The young writer heaps more praise on the director. “He is used to what is called Ajithism. So he took care of addressing Ajith sir’s fans, with the punch dialogues and the mass moments. It left me free to focus on the story.”

The teaser hinted that Vivegam could deal with bioterrorism but Kabilan refutes speculation that it’s related to his first novel, Boomerang Bhoomi, which was based on global terrorism. “Vivegam is more about an anti-social group. We see a number of films as we grow up and inspirations are inevitable. Not just Hollywood films such as Mission Impossible, and Fast and Furious, even classic Jai Shankar films were full of stylish action.

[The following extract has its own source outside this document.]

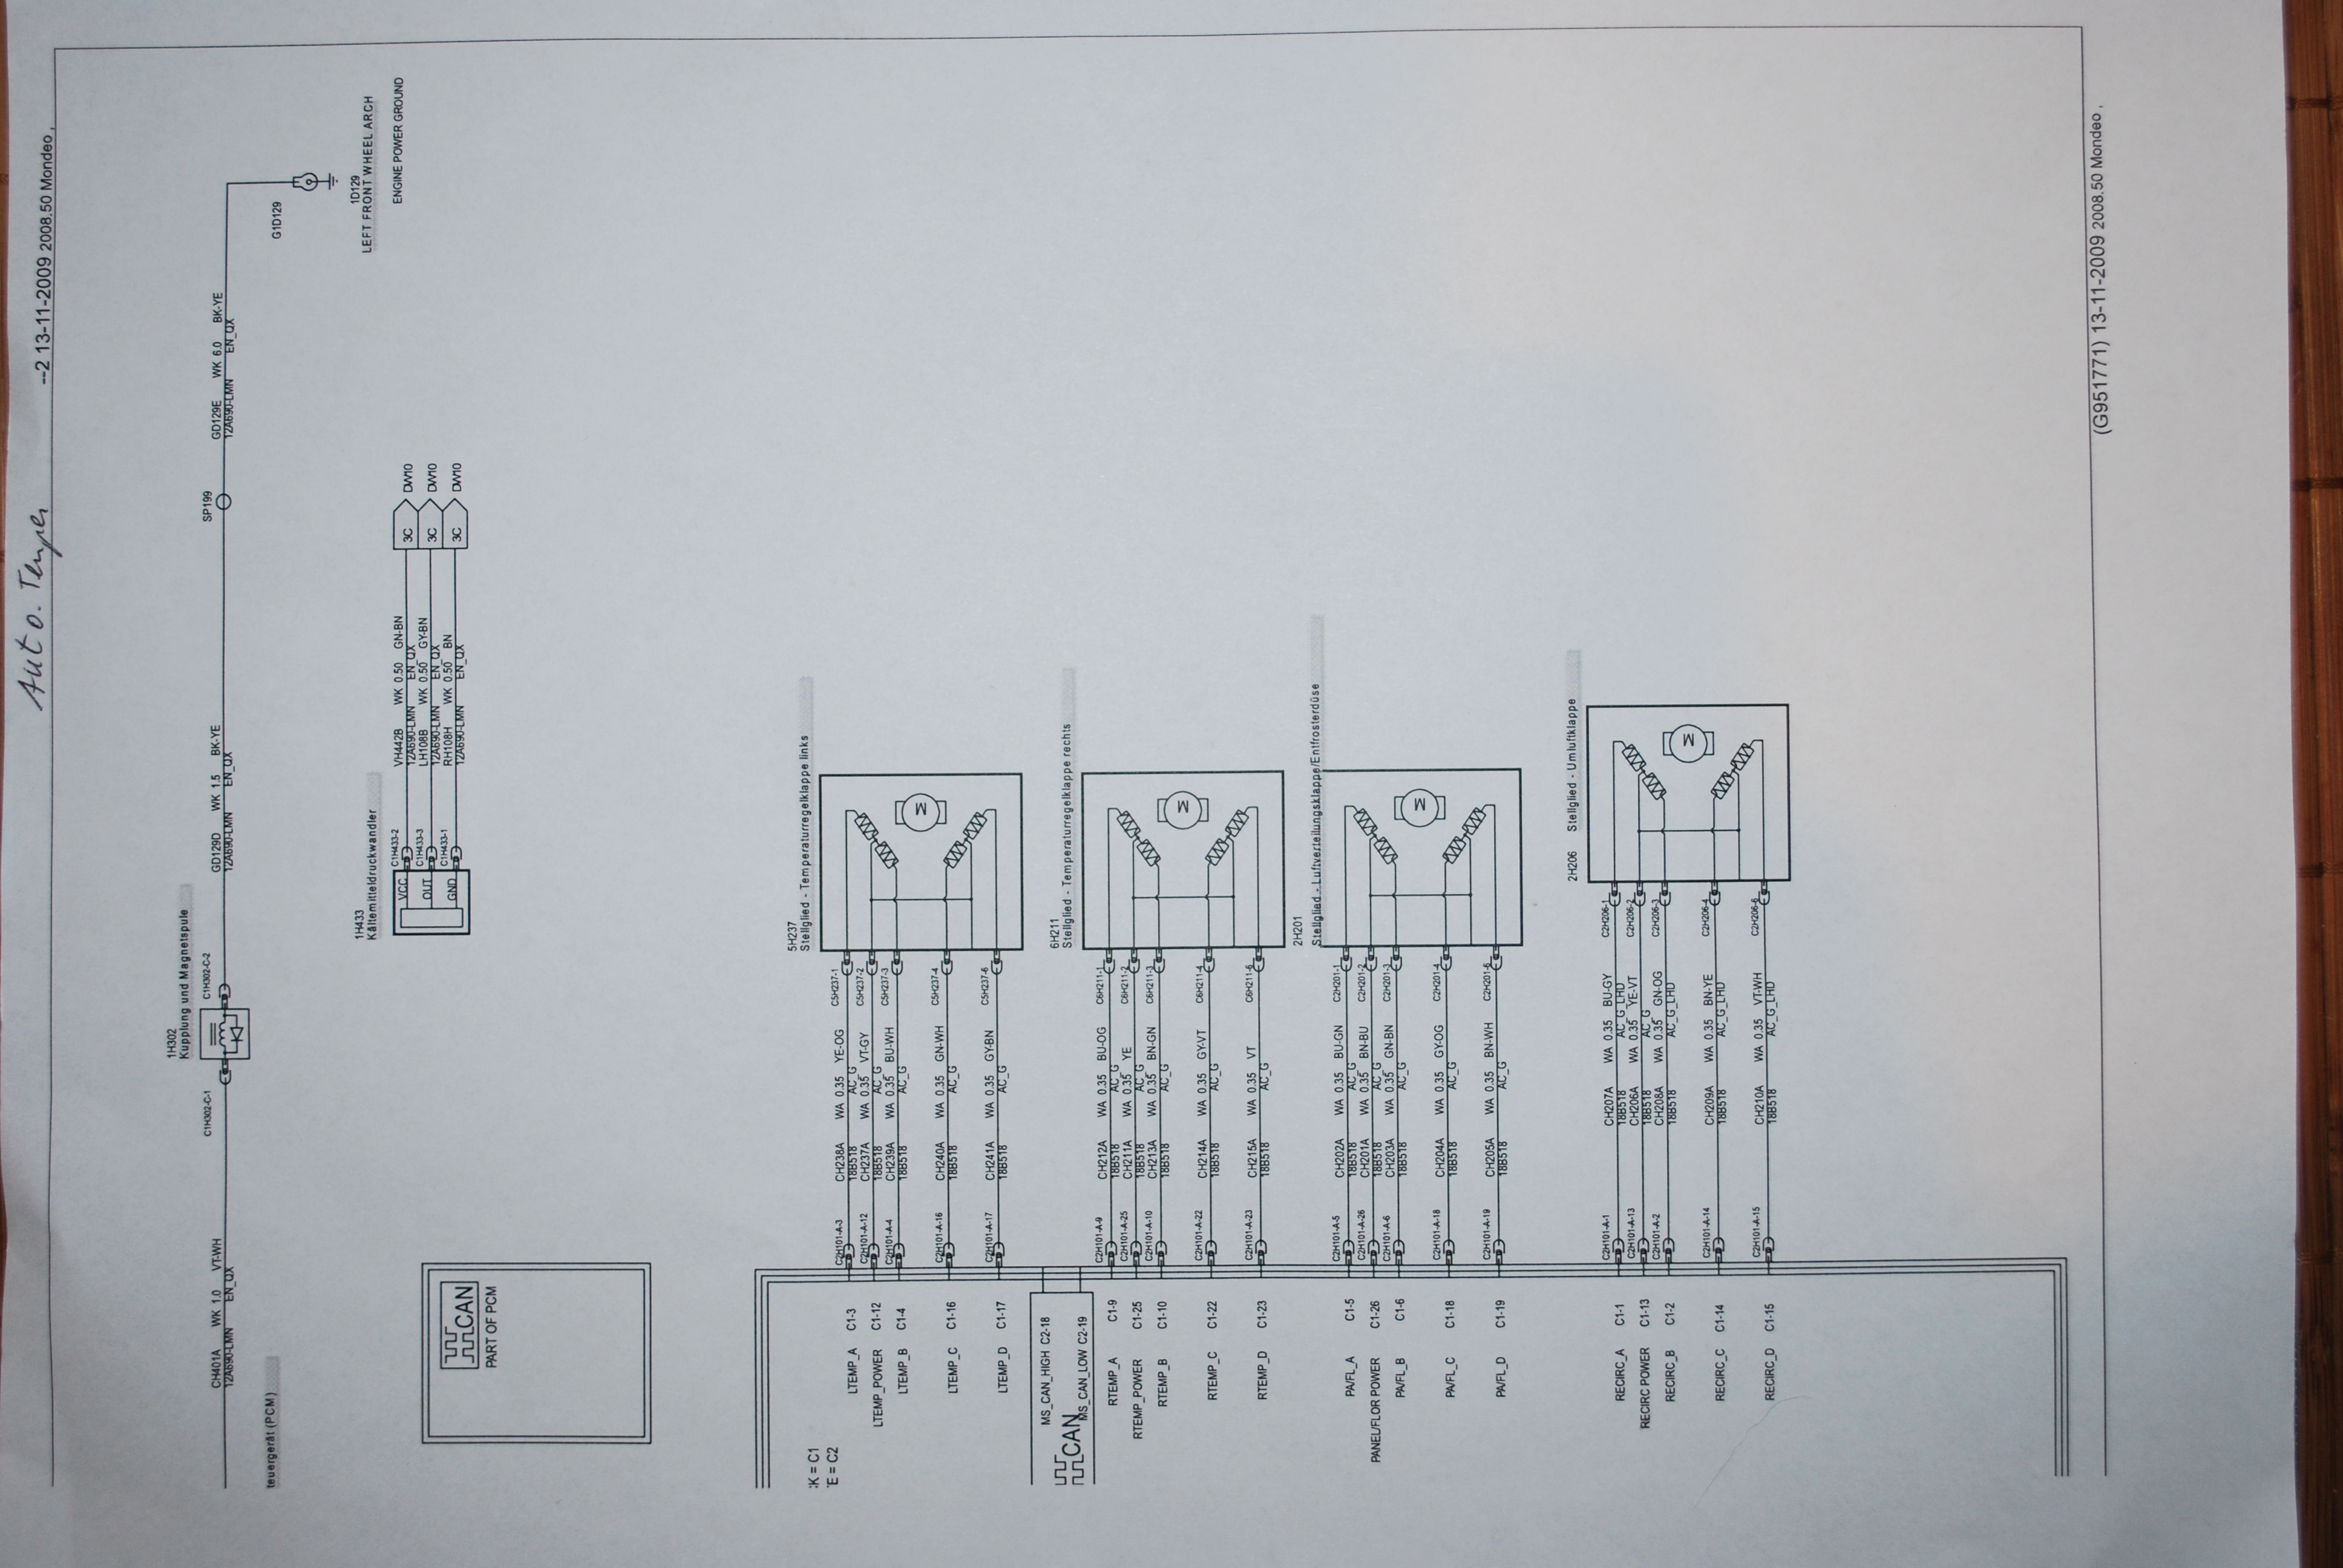 Berühmt Ford Mondeo Schaltplan Zeitgenössisch - Verdrahtungsideen ...

As a team, we’ve tried to come up with unique content. The script is Vivegam’s USP, and it’s a race against time. Hence the title design that’s derived from a digital clock.”
He’s also excited about how the other characters have been etched. “Each role has its own weightage. Vivek Oberoi has done a stunning job. His stylishness has come out well. Akshara Haasan’s character is also important. I don’t think she can get a better debut in Tamil than this.”

Kabilan says he owes his family everything. “Whatever I do is all about the Tamil language. Appa played a major role in it. Amma is also a poet, and thatha was a Tamil professor.” He also says he’s completely different from his brother, Madhan Karky. “The difference between us is the difference between knowledge and emotions.”

The writer is glad that the director-writer collaborative model is back, after a brief hiatus. With a line up of fifteen plus films in his kitty as a lyricist, he is also working on the screenplay for quite a few films. He also says that he doesn’t have the interest in other branches of cinema as he wants to focus more on writing. “One of the films I’m working on is a big, big film. I’ll be announcing it soon.”